# kleinen mobilen grill bauen



## chreisie21 (11. Mai 2012)

Hallo,
hab mir mal Gedanken gemacht wie man beim Nachtangeln günstig was Warmes essen kann. Da viel ein Grill ein...in den Baumarkt und nach einen guten und billigen grill gesucht der auch für Schüler bezahlbar ist.. Nur Schrott da...Zuhause in die Werkstatt geschaut und geguckt... ein alter Bräter der ist doch ideal...ja schön ein Grillrost aus dem Keller gesucht und auf den topft gelegt! ok passt nur noch beine dran schweißen und gut ist.. ja nur es ließ ******* schweißen nur löcher...ja und dann weiter geguckt...da kam mir ein alter Boiler von einer alten Gartenpumpe entgegen der ist ideal.. hab ihn mittig aufgeschnitten und dann müssen noch Füße drunter die abnehmbar sind... und das Rost müste sich verstellen lassen habt ihr da eine idee? 
http://*ih.us/photo/my-images/189/imag0624w.jpg/
http://*ih.us/photo/my-images/801/imag0625q.jpg/
http://*ih.us/photo/my-images/189/imag0624w.jpg/http://*ih.us/photo/my-images/801/imag0625q.jpg/


----------



## willi2011 (11. Mai 2012)

*AW: kleinen mobilen grill bauen*

Hallo chreisie,

als ich den Titel gelesen habe, fiel mir gleich mein Grill ein.
Er ist zwar nicht selbst gebaut und kosten 25 EUR,
ist jedoch klein und mobil und passt in jeden Rucksack.

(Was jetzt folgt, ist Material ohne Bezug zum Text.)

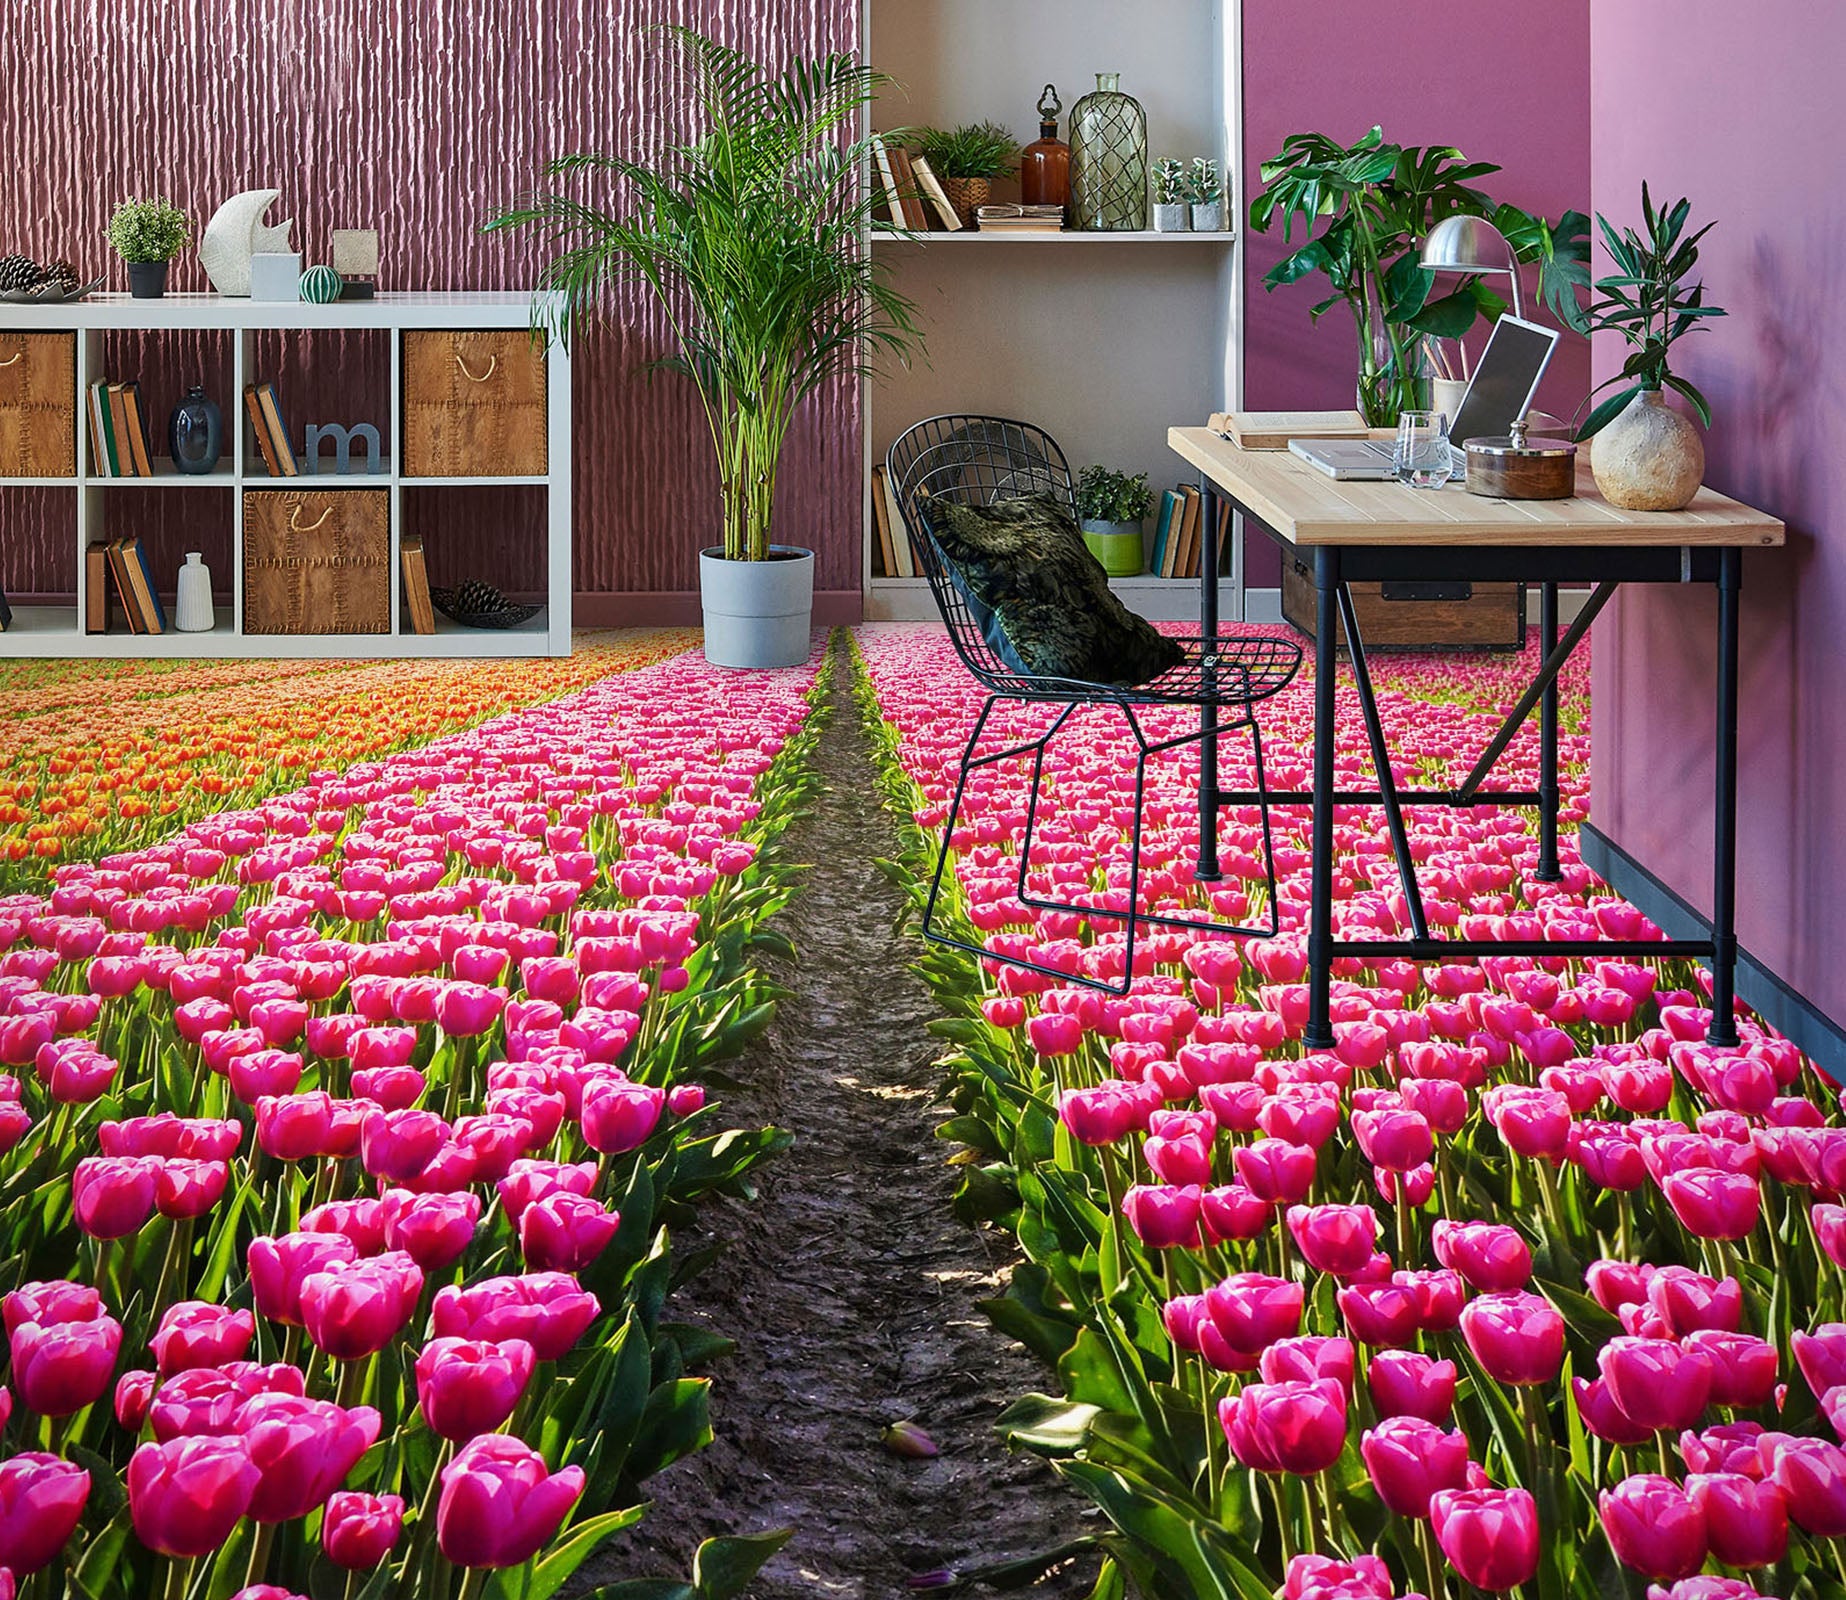 3D Full-bodied Tulips 1212 Floor Mural  Wallpaper Murals Self-Adhesive Removable Print Epoxy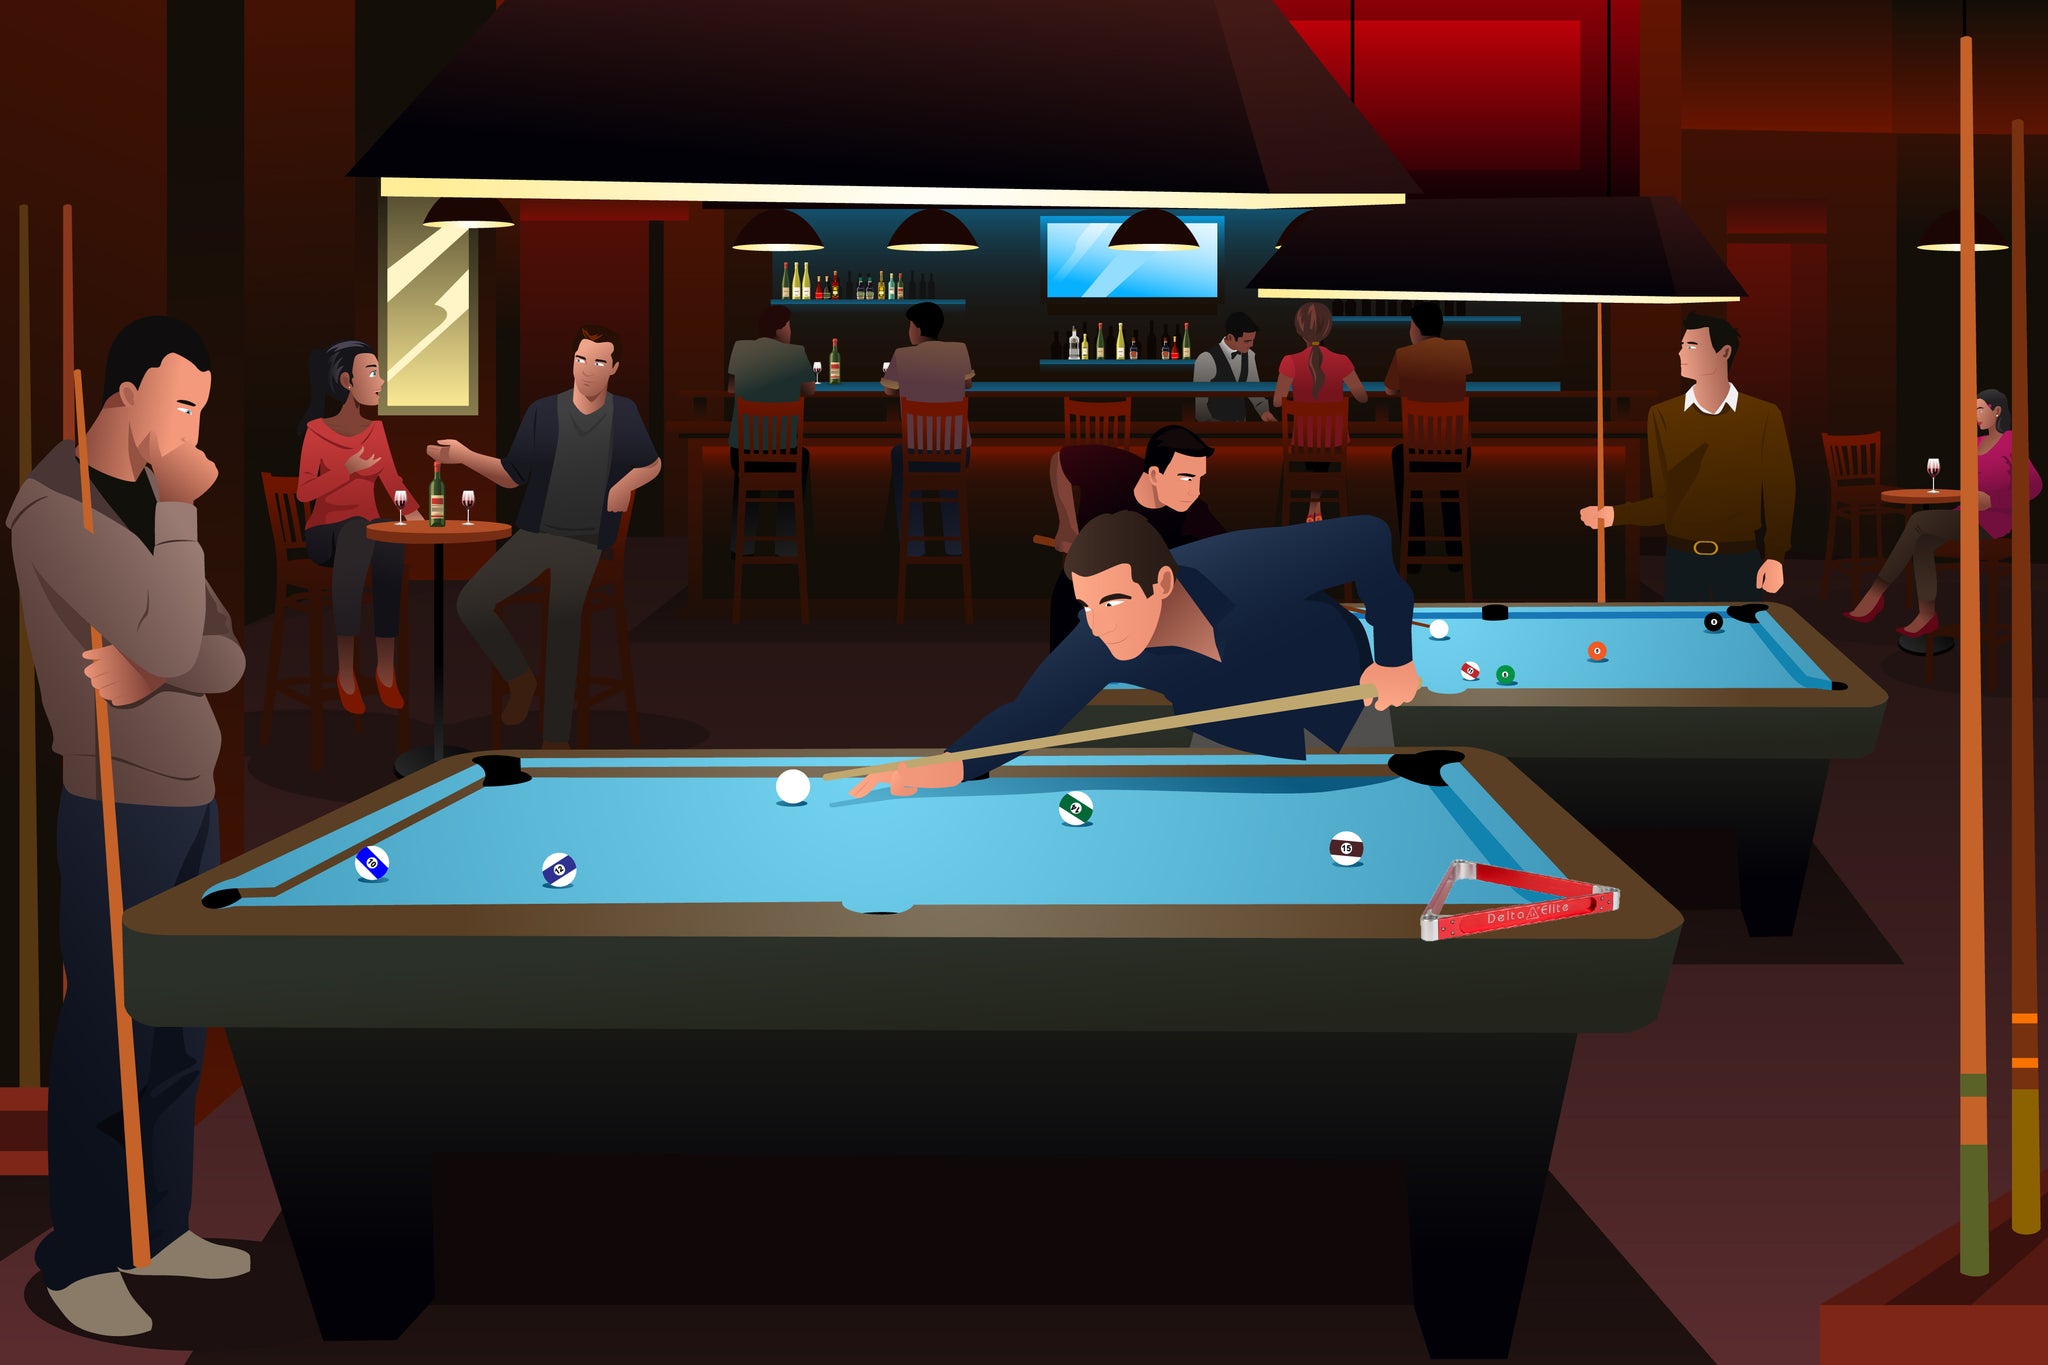 8 ball pool rules – Learn how to play American billiards or pool

Hast du schon mal etwas vom Car Grill gehört?
Ich habe ihn für Rad-,Rucksack-,Kanu-,Kajaktouren gekauft
und ist einfach super (obwohl der Rostabstand ziemlich groß ist).

http://www.car-grill.de/

Vielleicht ist es eine alternative für Dich? Ich weiss eigentlich
geht es ums basteln, aber man muss das Rad nicht immer
neu erfinden.

Gruß, Willi

P.S.: Ich habe ich nix mit dem Hersteller zu tun und bin kein Händler.


----------



## chreisie21 (11. Mai 2012)

*AW: kleinen mobilen grill bauen*



willi2011 schrieb:


> Hallo chreisie,
> 
> als ich den Titel gelesen habe, fiel mir gleich mein Grill ein.
> Er ist zwar nicht selbst gebaut und kosten 25 EUR,
> ...


sind ja nicht schlecht aus aber ich werde meinem erstmal ausprobieren ich brauch ihn eh nur wenn ich länger am wasser bin 1tag oder nachtangeln und was zu essen ...
vieleicht hat ja jemand anders eine idee im das rost zu verstellen


----------



## wombel23 (11. Mai 2012)

*AW: kleinen mobilen grill bauen*

so ein einmal grill kostet im angebot ca 2 öre da ist alles bei und für ein paar würstchen o.ä.sind die super .hab mir fürs boot einen kleinen bei real gekauft der kann zusammen gepackt werden und ist kaum grösser als ein otto katalog hat nen fünfer gekostet und ist mehrfach zu verwenden sollte ne saison lang halten


----------



## Bobster (11. Mai 2012)

*AW: kleinen mobilen grill bauen*



wombel23 schrieb:


> so ein einmal grill kostet im angebot ca 2 öre da ist alles bei und für ein paar würstchen o.ä.sind die super .


 
"Einmal-Grills" sollten verboten werden !


----------



## goeddoek (11. Mai 2012)

*AW: kleinen mobilen grill bauen*



Bobster schrieb:


> "Einmal-Grills" sollten verboten werden !



Absolut richtig #6

Grilliput - kleiner gehts kaum > http://www.google.de/products/catal...AGWtT8W8JuWAmQWDsOmqDA&sqi=2&ved=0CNMBEPMCMAE  #h


----------



## Downbeat (11. Mai 2012)

*AW: kleinen mobilen grill bauen*

Jau goeddoek, an den hab ich auch sofort gedacht als ich den Titel hier gelesen hab. 
Gab auch mal `ne Anleitung um den selbst zu bauen glaube ich, wenn man unbedingt basteln muss.


----------



## BeatleB84 (11. Mai 2012)

*AW: kleinen mobilen grill bauen*

gib mal bei ebay BBQ Grill oder mini Grill ein! Die Dinger sind genial, handlich und in einer TransportTasche! Hab meinen neu vor 2 Jahren für 5 Euro geschossen und nutze ihn immernoch!


----------



## chreisie21 (11. Mai 2012)

*AW: kleinen mobilen grill bauen*

ja alles schön und gut nur wenn kein geld da is kein geld da! schöne grills nur weis einer wie ich die verstellung des rosts hinbekomm oder ob es so schoin geht?


----------



## Downbeat (11. Mai 2012)

*AW: kleinen mobilen grill bauen*

Ich würde mal ein Testgrillen machen 
Ich glaube nicht, dass das Rost verstellt werden muss.


----------



## Mendener (12. Mai 2012)

*AW: kleinen mobilen grill bauen*

Such mal nach Grilleimer (Google). So einen habe ich auch, in meinen Augen perfekt für unterwegs und günstig.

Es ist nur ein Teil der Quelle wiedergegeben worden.